Debe tenerse en cuenta que el interviniente expuso mayores argumentos de inconstitucionalidad a los contenidos en la demanda que ahora ocupa la atención de la Sala, que consecuencialmente procedió a soportar con otras normas constitucionales y tratados internacionales de derechos humanos. Acoger la propuesta del interviniente implicaría la asunción de oficio de múltiples situaciones, sin dar espacio a la participación ciudadana y el concepto del Procurador General.
Conforme a lo señalado, estima la Corte que no procede la integración de la unidad normativa y, por lo tanto, el examen de constitucionalidad habrá de recaer exclusivamente sobre el contenido normativo demandado y bajo el cargo formulado.
2.4. Extemporaneidad en las solicitudes de acumulación de expedientes.
El Ministerio de Ambiente en su escrito de intervención del 11 de febrero de 2010 solicita que se acumule al presente asunto el expediente número D-7990, dado la coincidencia en las disposiciones acusadas.

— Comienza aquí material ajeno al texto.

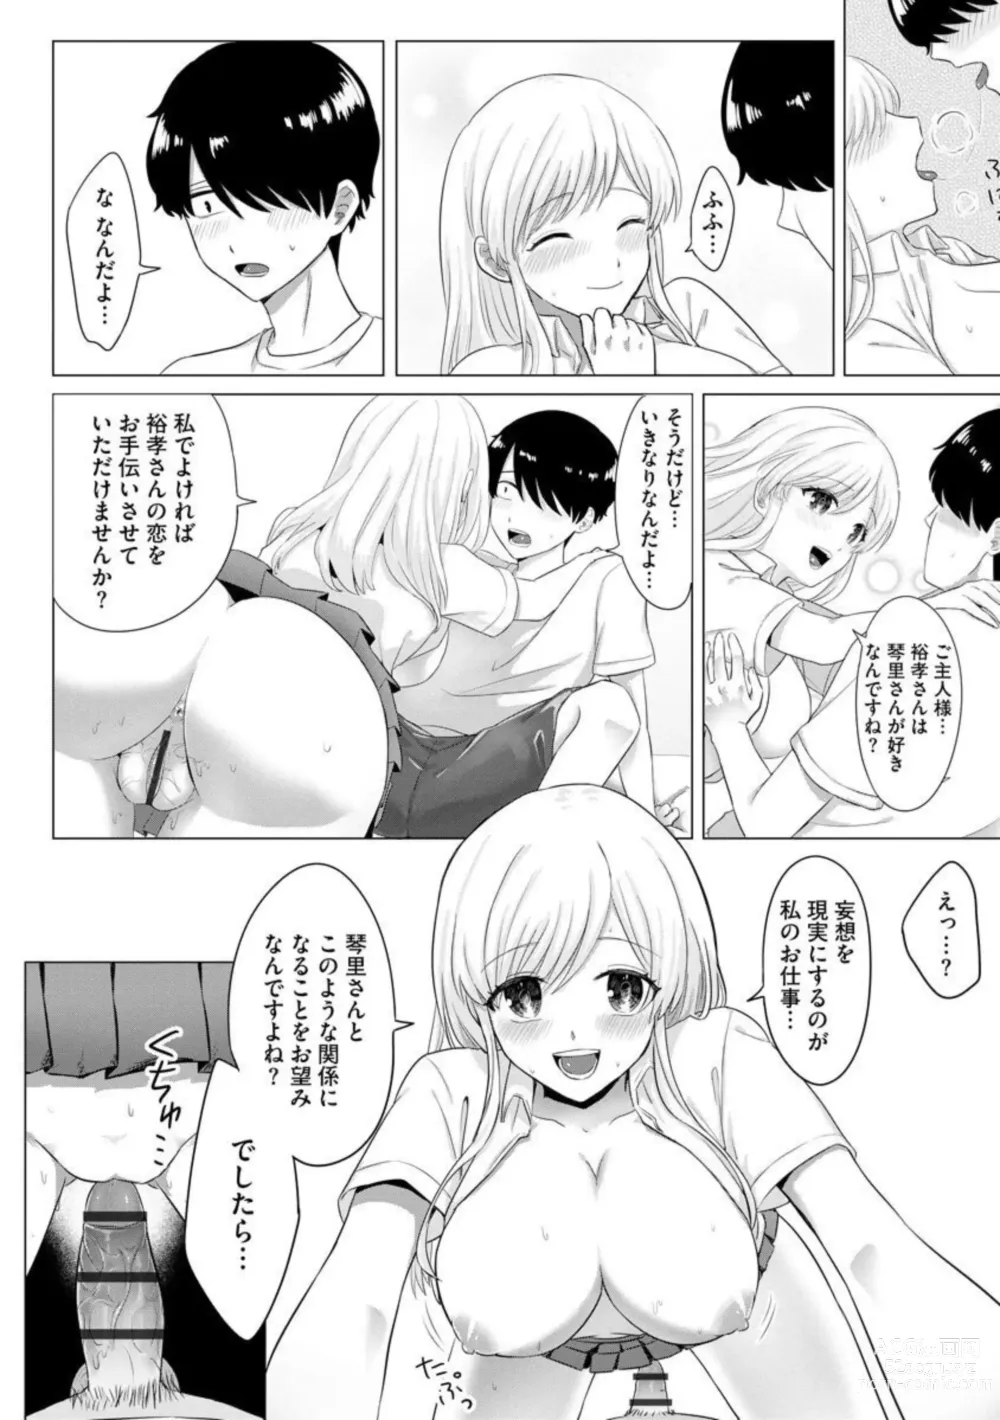 Page 16 of manga Mousou Chuumon 1

Posteriormente, el 18 de junio de 2010, solicitó también la acumulación con otras demandas (D-8006, D-8019, D-8168 y D-8163).
La Corte advierte que la acumulación de demandas de inconstitucionalidad se encuentra limitada al cumplimiento de las exigencias previstas en el artículo 47 del Reglamento Interno de esta Corporación, el cual precisa:
“[S]ólo podrán acumularse aquellos procesos que se incluyan en el respectivo programa mensual de trabajo y reparto, siempre y cuando la propuesta de acumulación se justifique en los términos del artículo 5° del Decreto 2067 de 1991, sea formulada al momento de someterse al referido programa a consideración de la Sala Plena y ésta la apruebe”.23
Ahora bien, del programa de gestión de la Secretaría General de la Corte Constitucional puede apreciarse, en relación con las demandas de inconstitucionalidad que se solicitan acumular, lo siguiente:
D-7977. Normas acusadas: parágrafo del artículo 1º y parágrafo 1º del artículo 5º.

Fecha de reparto por Sala Plena: 10 de diciembre de 2009.

D-7990. Normas acusadas: parágrafo del artículo 1º y parágrafo 1º del artículo 5º. Fecha de reparto por Sala Plena: 14 de enero de 2010.

D-8006. Normas acusadas: 1º, 5, 23, 24, 25, 27, 33 y 37 (parciales). 3º y 8º.

Fecha de reparto por Sala Plena: 27 de enero de 2010.

D-8019. Normas acusadas: 32, 36 y 40 (parciales). 38, 39, 43, 44, 45, 46, 47, 48 y 49.

Fecha de reparto por Sala Plena: 10 de febrero de 2010.

D-8163 y

D-8168. Normas acusadas: parágrafo del artículo 1º y parágrafo 1º del artículo 5º (D-8163) y parágrafo del artículo 1º (D-8165).

Acumulados y repartidos por Sala Plena el 16 de junio de 2010.



Por lo anterior, en relación con la petición de acumulación de los expedientes D-7977 y D-7990, basta señalar que como fue formulada el 11 de febrero de 2010, no se accederá a tal solicitud por su extemporaneidad (10 de diciembre de 2009 y 14 de enero de 2010).
Similar consideración de extemporaneidad (10 de diciembre de 2009, 14 de enero de 2010, 27 de enero de 2010, 10 de febrero de 2010 y 16 de junio de 2010) habrá de realizarse respecto a la acumulación de todos los expedientes referenciados (D-7977, D-7990, D-8006, D-8019 y D-8163 y 8168), toda vez que la pretensión de acumulación se presentó el 18 de junio de 2010.
Conforme a lo expuesto, no se accede a las solicitudes de acumulación de expedientes dada su extemporaneidad.